Combine multiple audio files by concatenation (sequential) or mixing (overlay).

Field	Description
Audio Files	Two or more audio sources (click Add Item for more)
Mode	Concatenate (play in sequence) or Mix (overlay simultaneously)
Output Format	Target format for the merged output
Configuration	Auto or manual sample rate and channels

Concatenate plays files one after another — output duration is the sum of all inputs. Mix overlays all files at the same time — output duration matches the longest input.

Audio Extract

Extract the audio track from a video file. Supports MP4, MKV, WebM, AVI, MOV, WMV, and FLV.

Field	Description
Video Source	Video file URL (managed, GCS, S3, or HTTP)
Output Format	Audio format for the extracted track
Configuration	Auto or manual encoding settings

Audio Probe

Analyze an audio file’s metadata without processing it.
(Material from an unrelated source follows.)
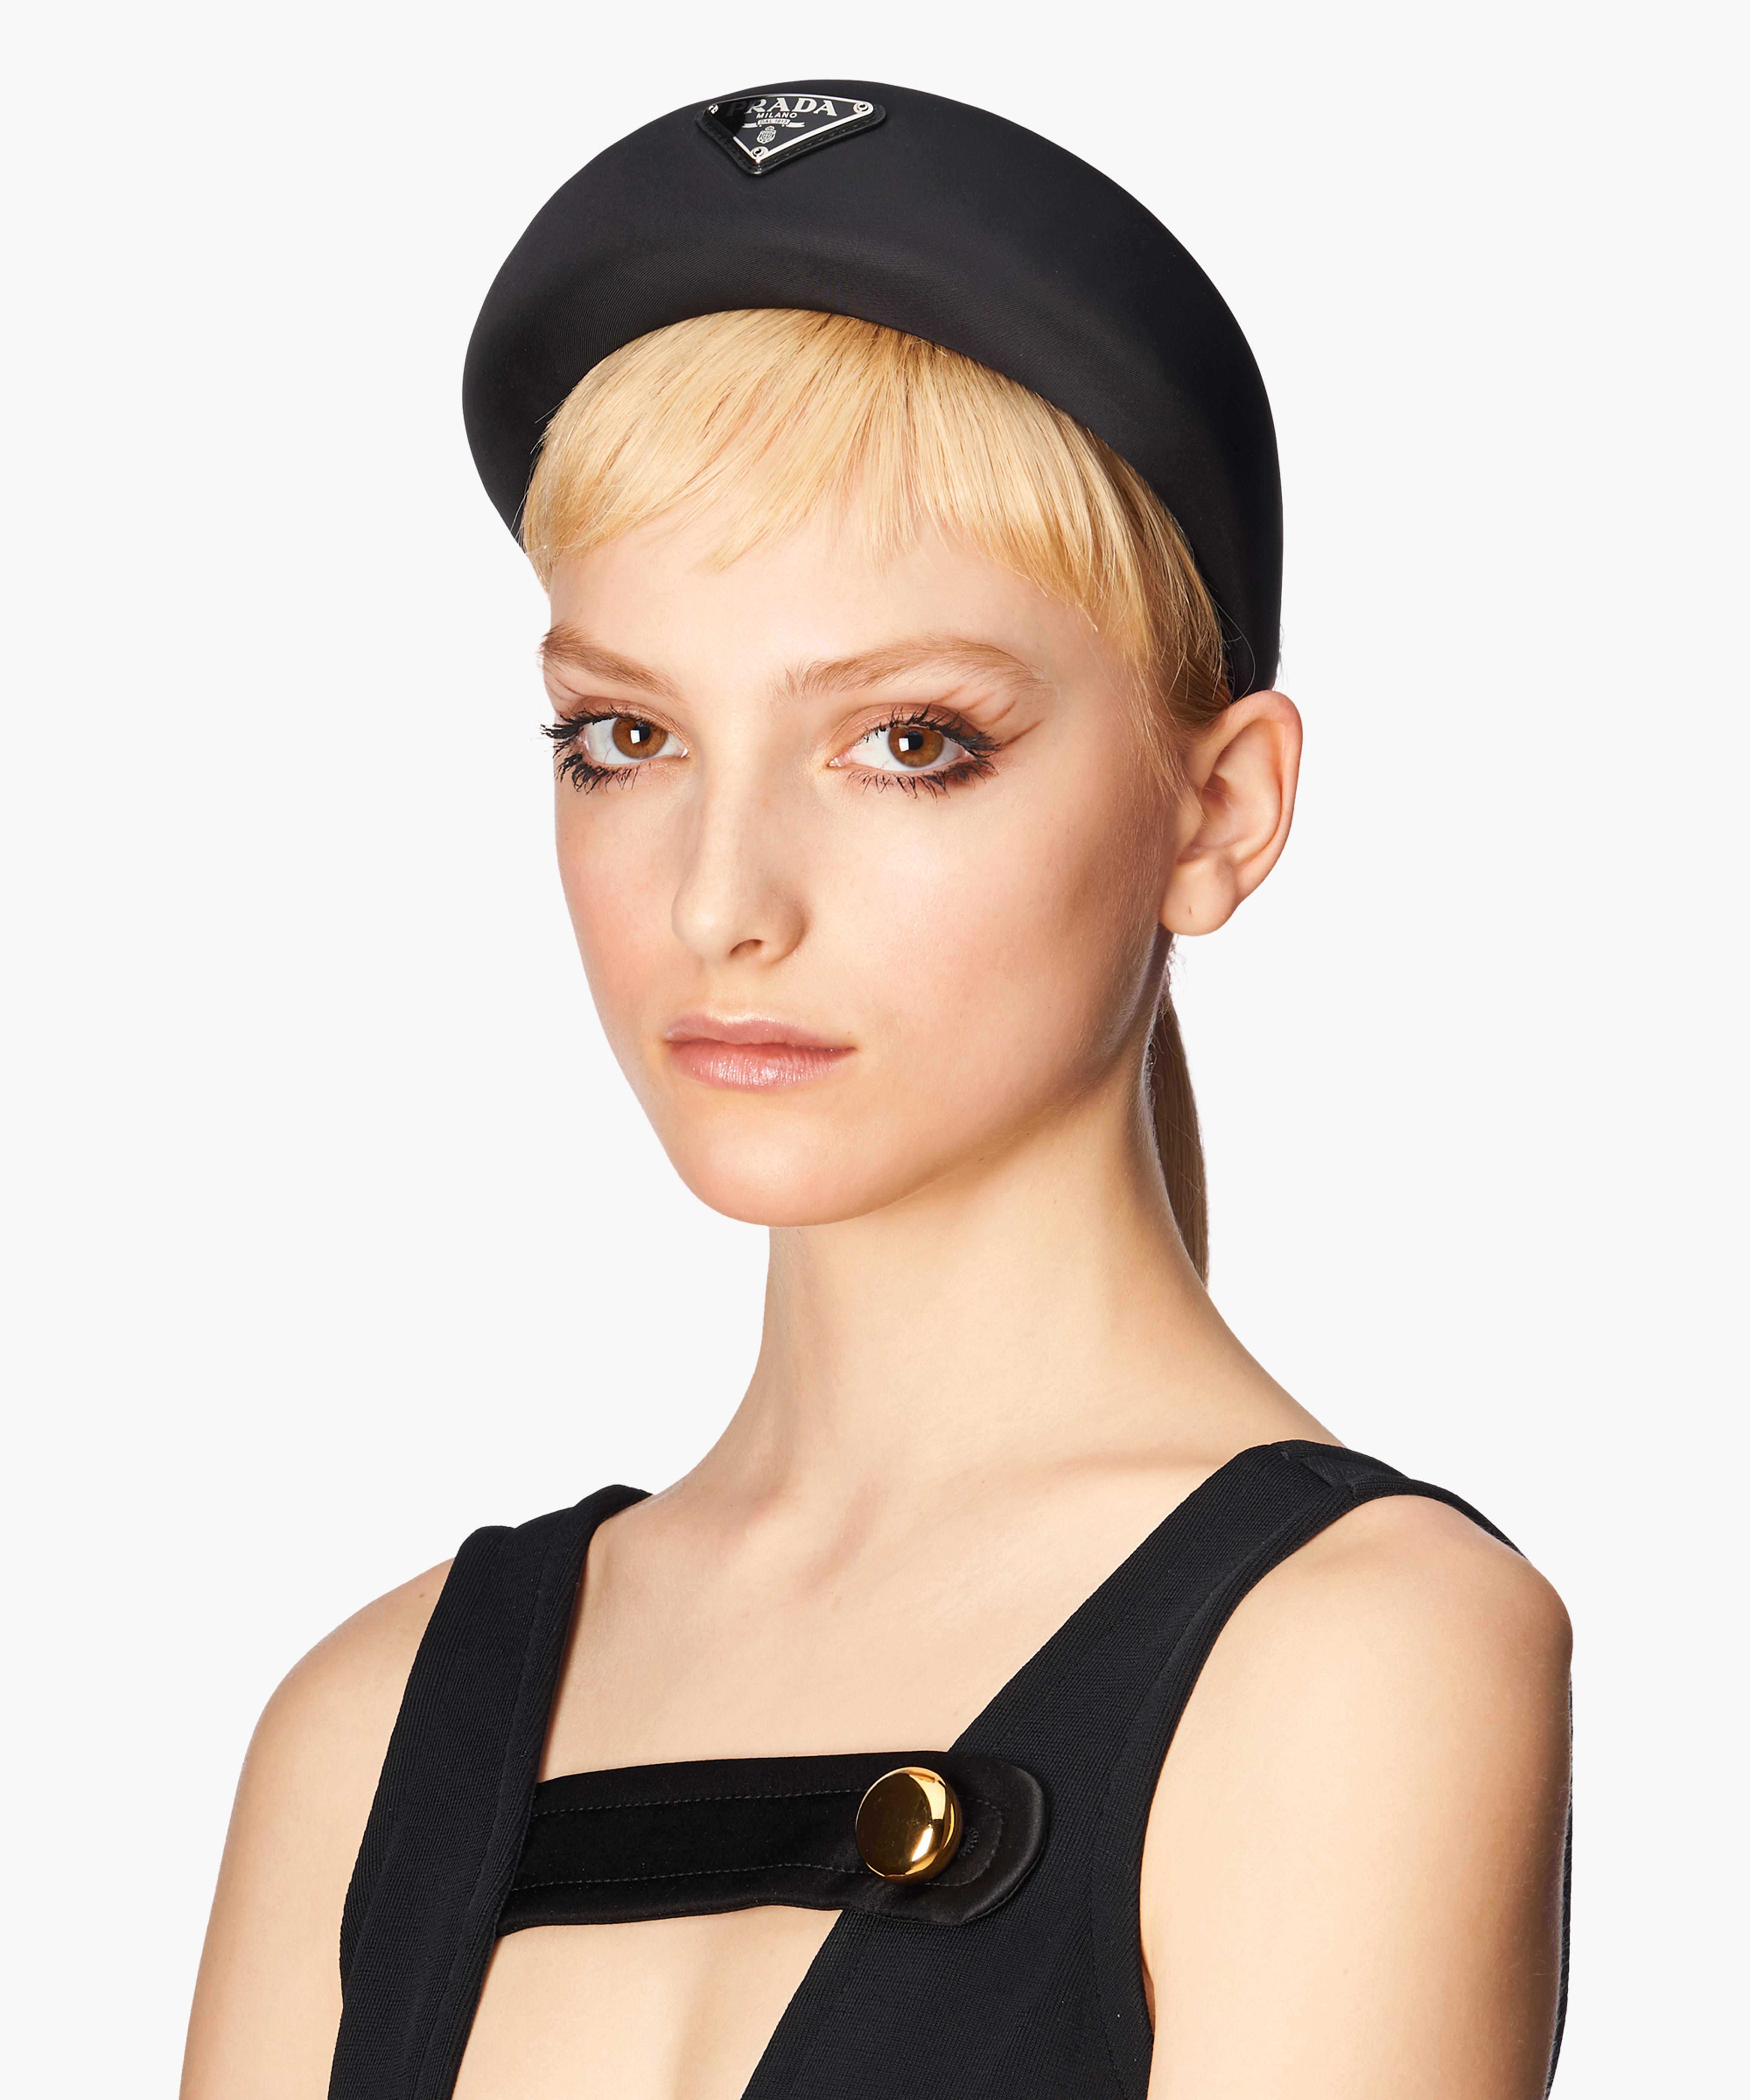 Osciluje mezi podobou čelenky a malého kloboučku.

Returns format, duration, sample rate, channels, bitrate, and file size.

Output Fields

Field	Description
`format`	Audio codec (e.g., `mp3`, `aac`, `pcm_s16le`)
`container`	Container format (e.g., `mp3`, `wav`, `m4a`)
`duration`	Duration in seconds
`durationFormatted`	Duration as `HH:MM:SS`
`bitrate`	Bitrate in kbps
`sampleRate`	Sample rate in Hz
`channels`	Number of channels (1 = mono, 2 = stereo)
`size`	File size in bytes

Step Output

All audio processing steps (except Probe) return an audio object:

{
  "audio": {
    "url": "gs://your-org/audio/converted_abc123.mp3",
    "filename": "converted_abc123.mp3",
    "format": "mp3",
    "size": 245760
  },
  "durationMs": 5392
}

Reference the output URL in later steps:

{{ audio-convert.audio.url }}